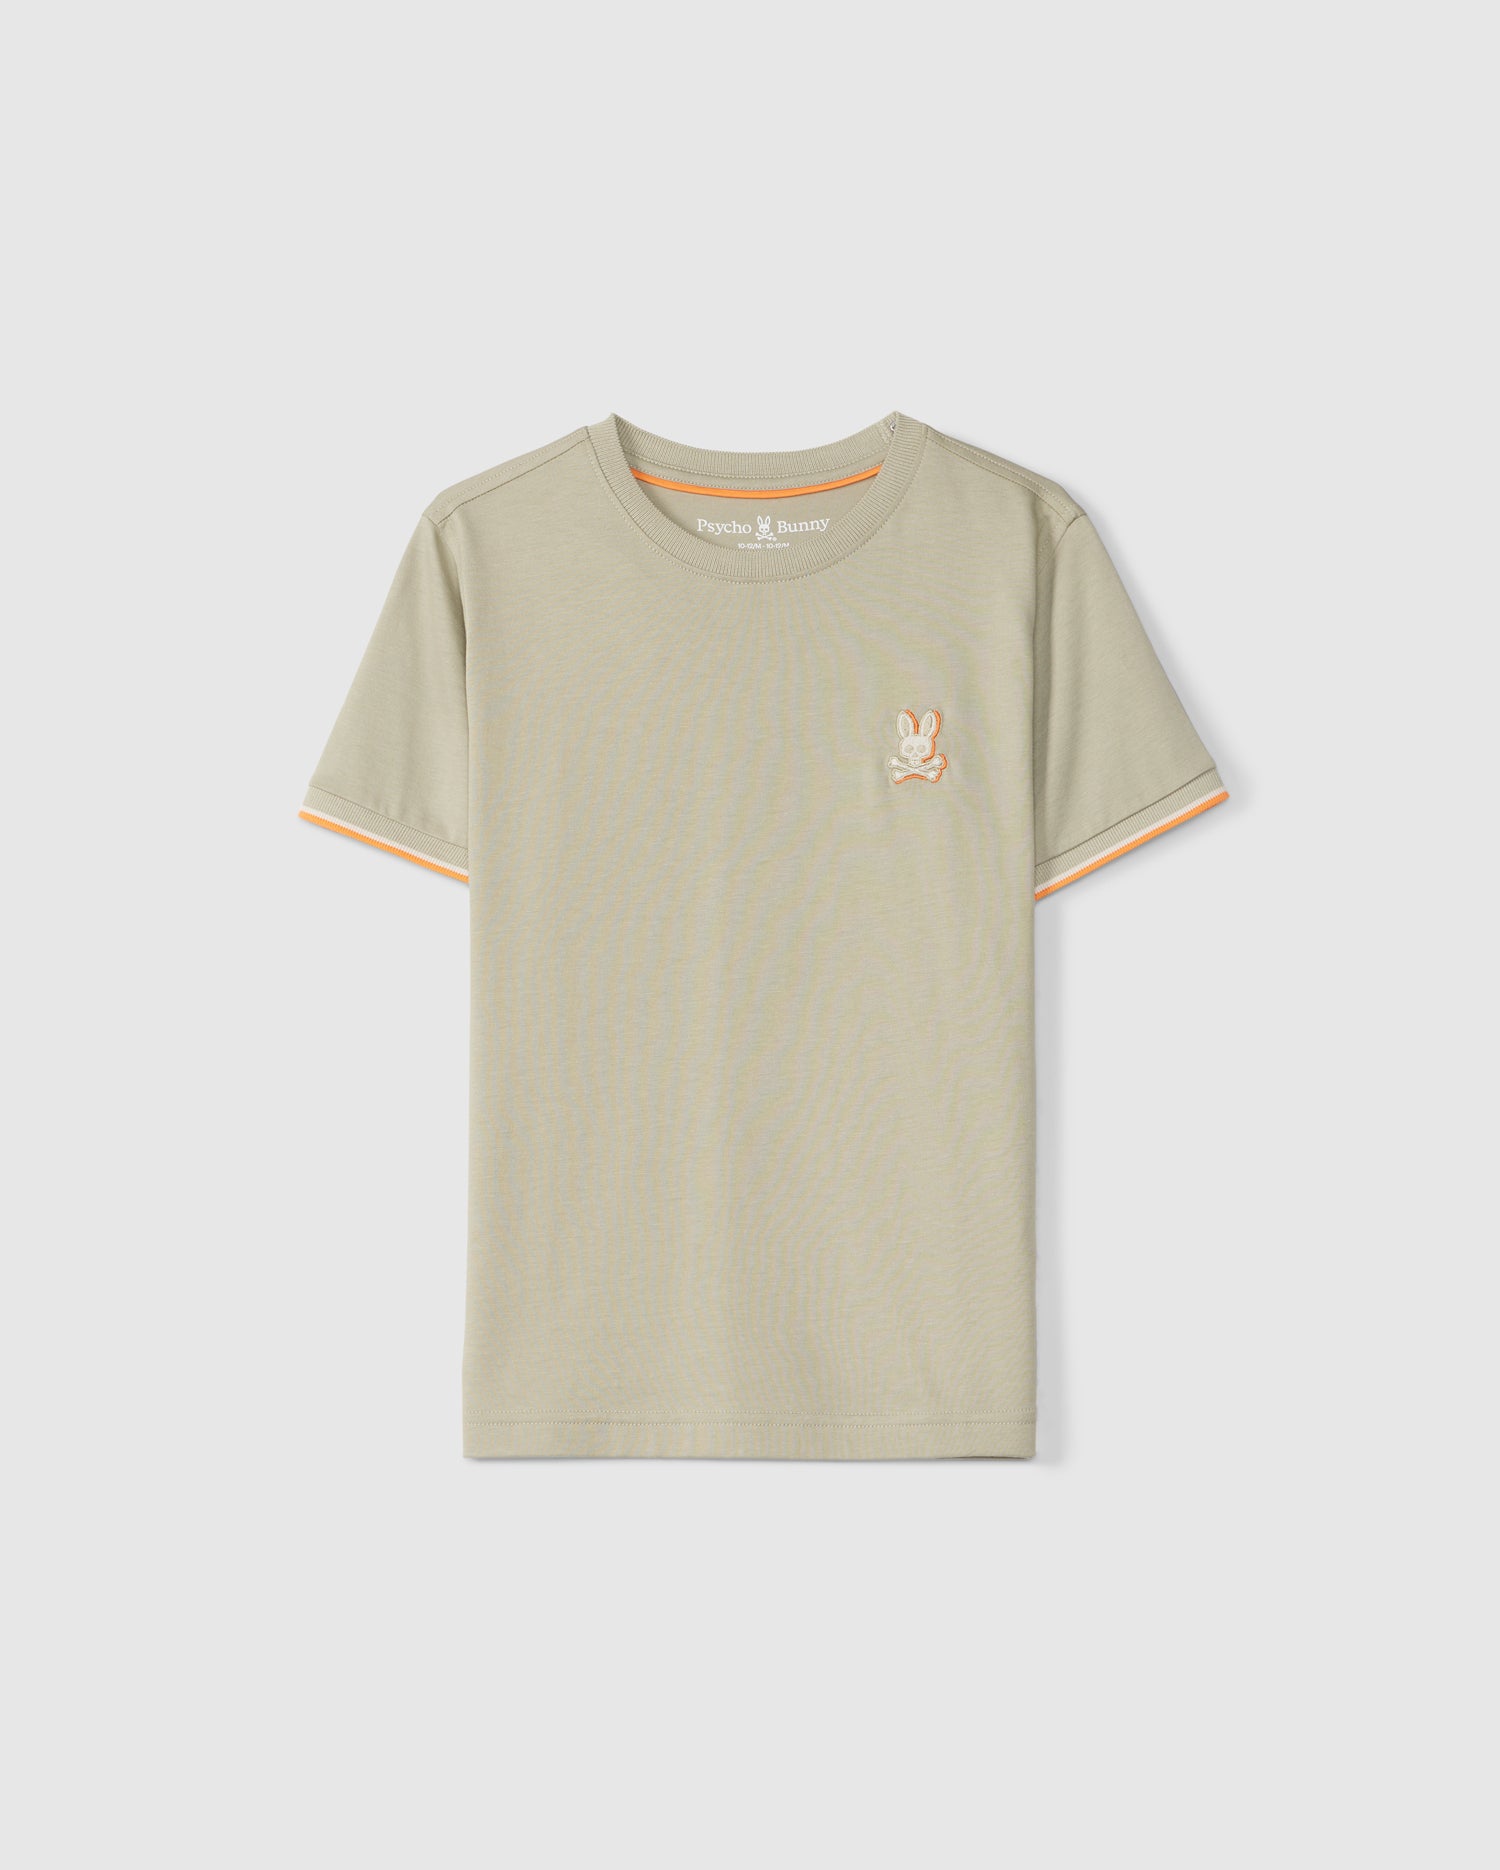 A light beige short-sleeve kids fashion tee made from soft Pima cotton, featuring an embroidered chest bunny logo on the left. The shirt has a round neckline and an orange trim on the inside of the collar, displayed against a plain white background. This is the KIDS KAYDEN FASHION TEE - B0U577C200 by Psycho Bunny.
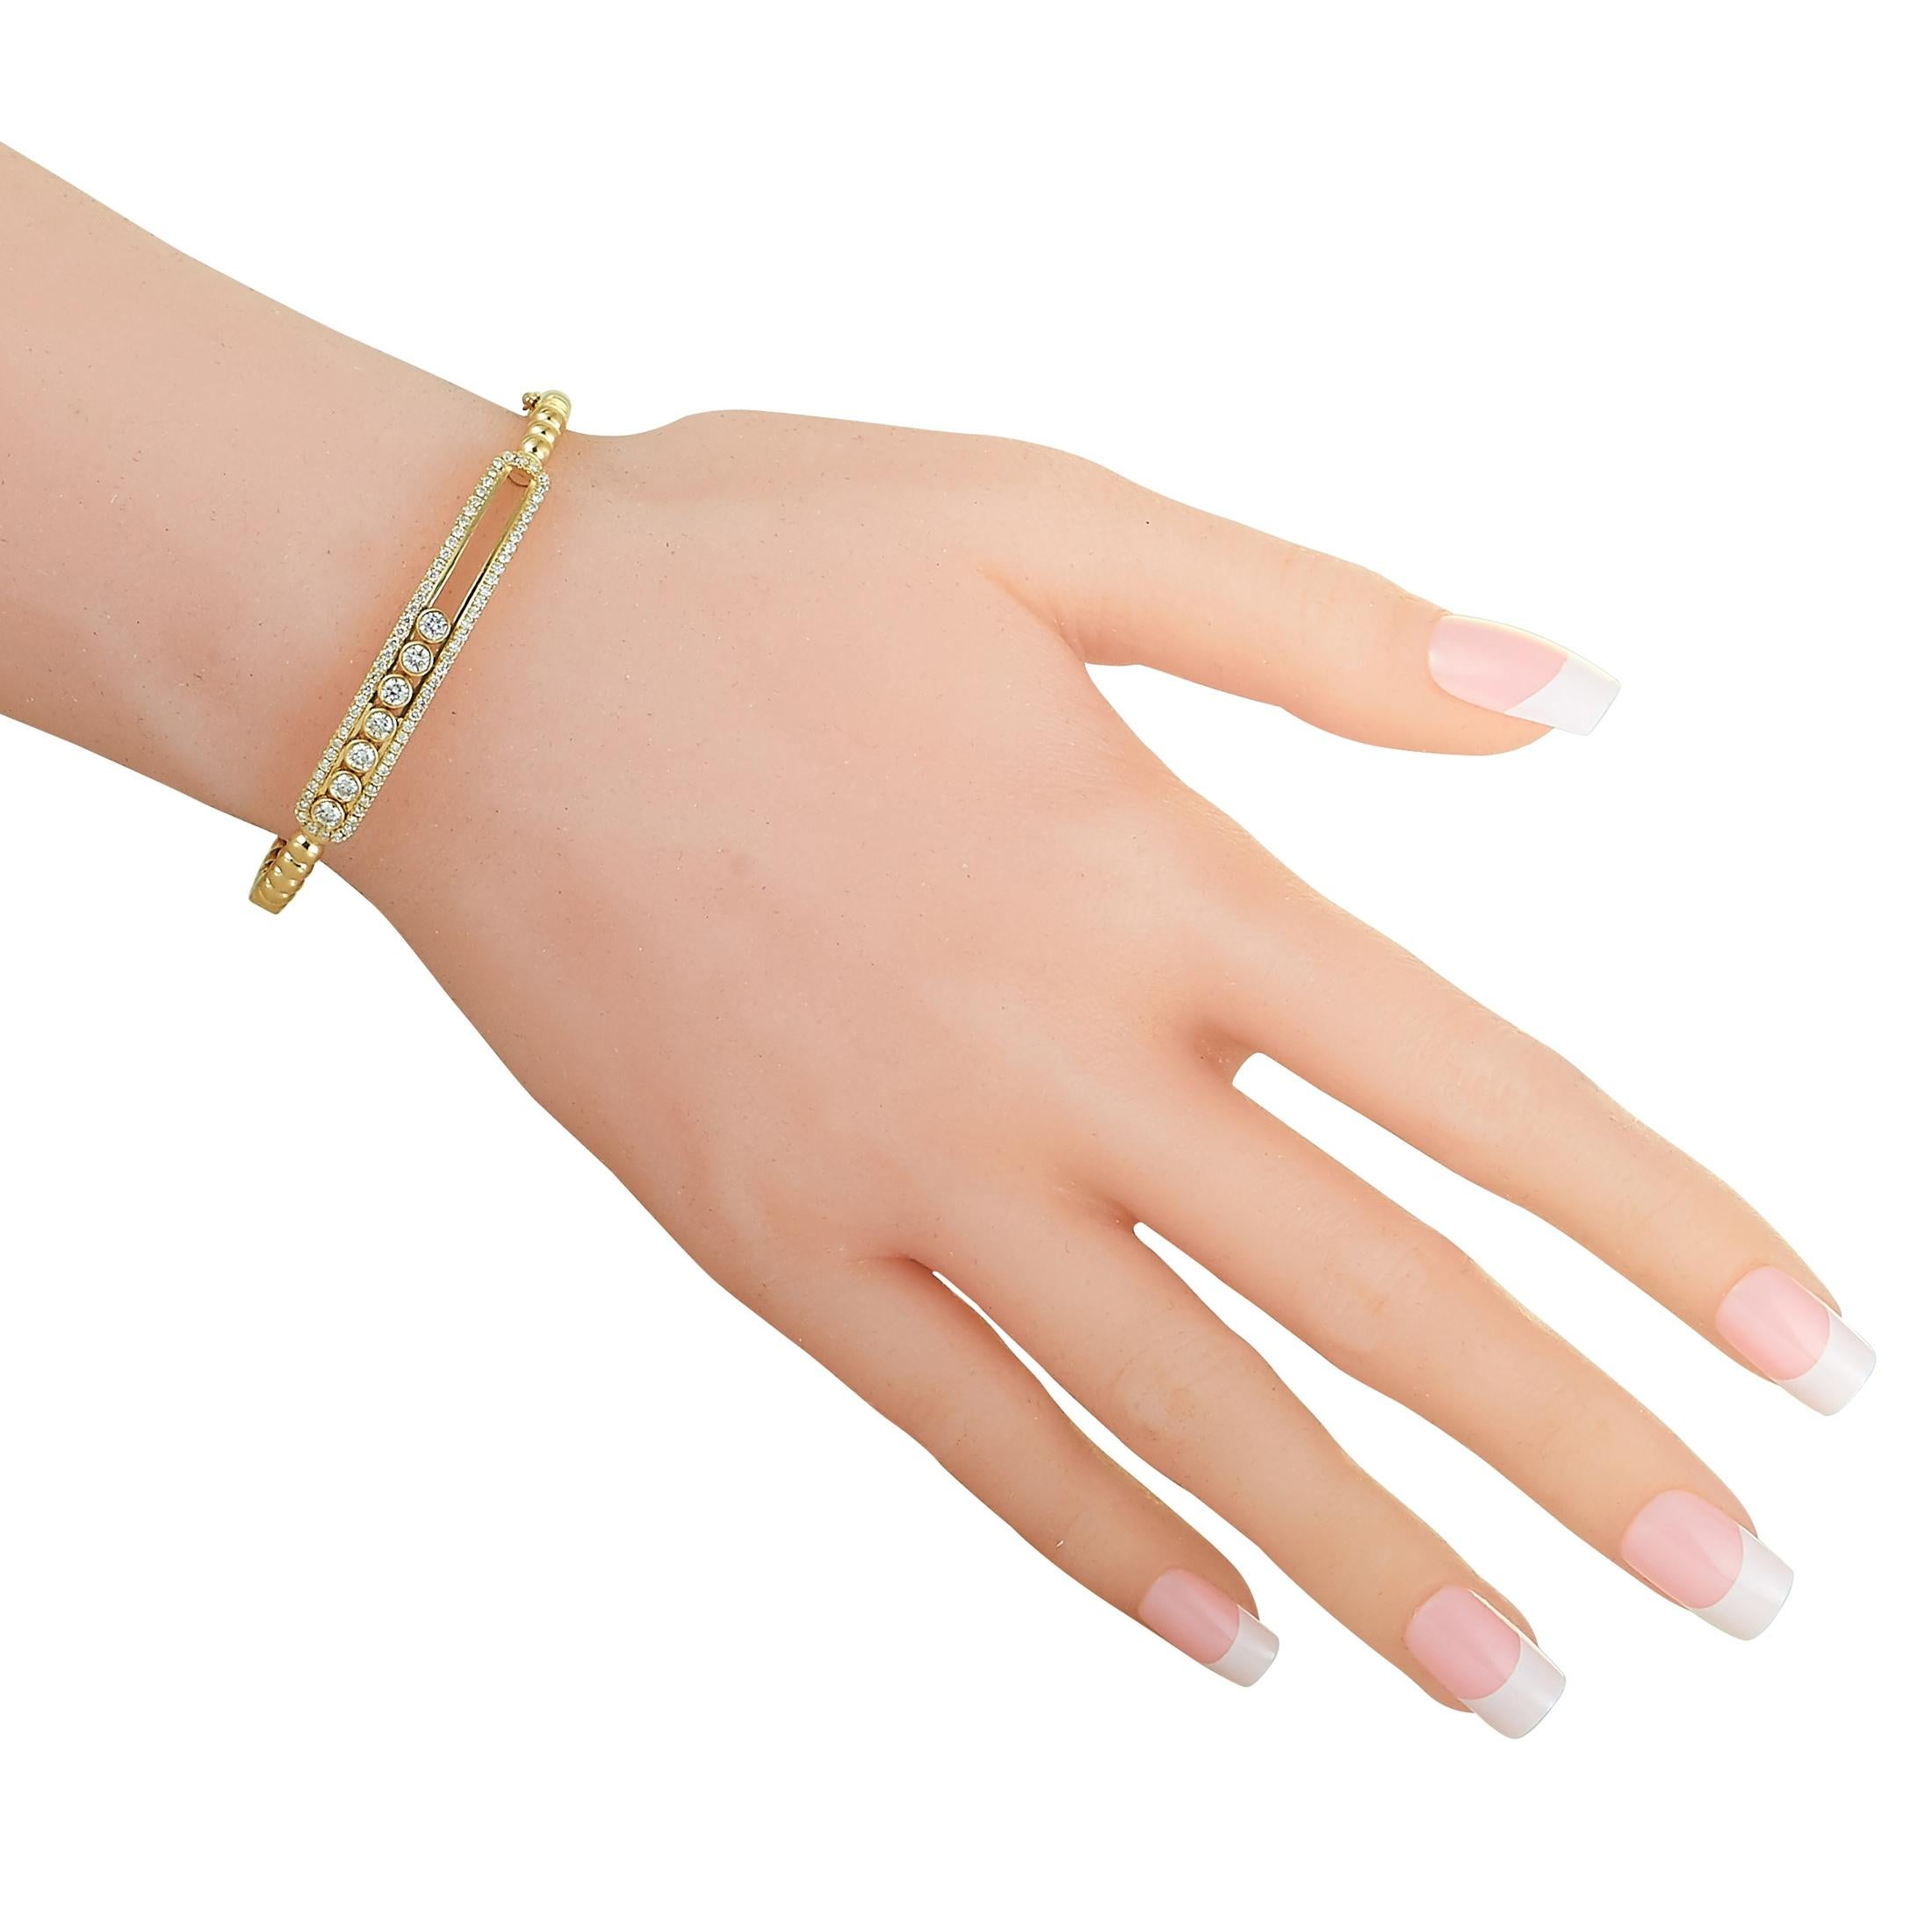 This LB Exclusive bangle bracelet is made out of 18K yellow gold and diamonds that total 1.20 carats. The bracelet weighs 13.8 grams and measures 7” in length.

Offered in brand new condition, this item includes a gift box.
========
What is required - Transcribe each line above exactly, pictures excluded.

Task response -
 A light beige short-sleeve kids fashion tee made from soft Pima cotton, featuring an embroidered chest bunny logo on the left. The shirt has a round neckline and an orange trim on the inside of the collar, displayed against a plain white background. This is the KIDS KAYDEN FASHION TEE - B0U577C200 by Psycho Bunny.
 This LB Exclusive bangle bracelet is made out of 18K yellow gold and diamonds that total 1.20 carats. The bracelet weighs 13.8 grams and measures 7” in length.

Offered in brand new condition, this item includes a gift box.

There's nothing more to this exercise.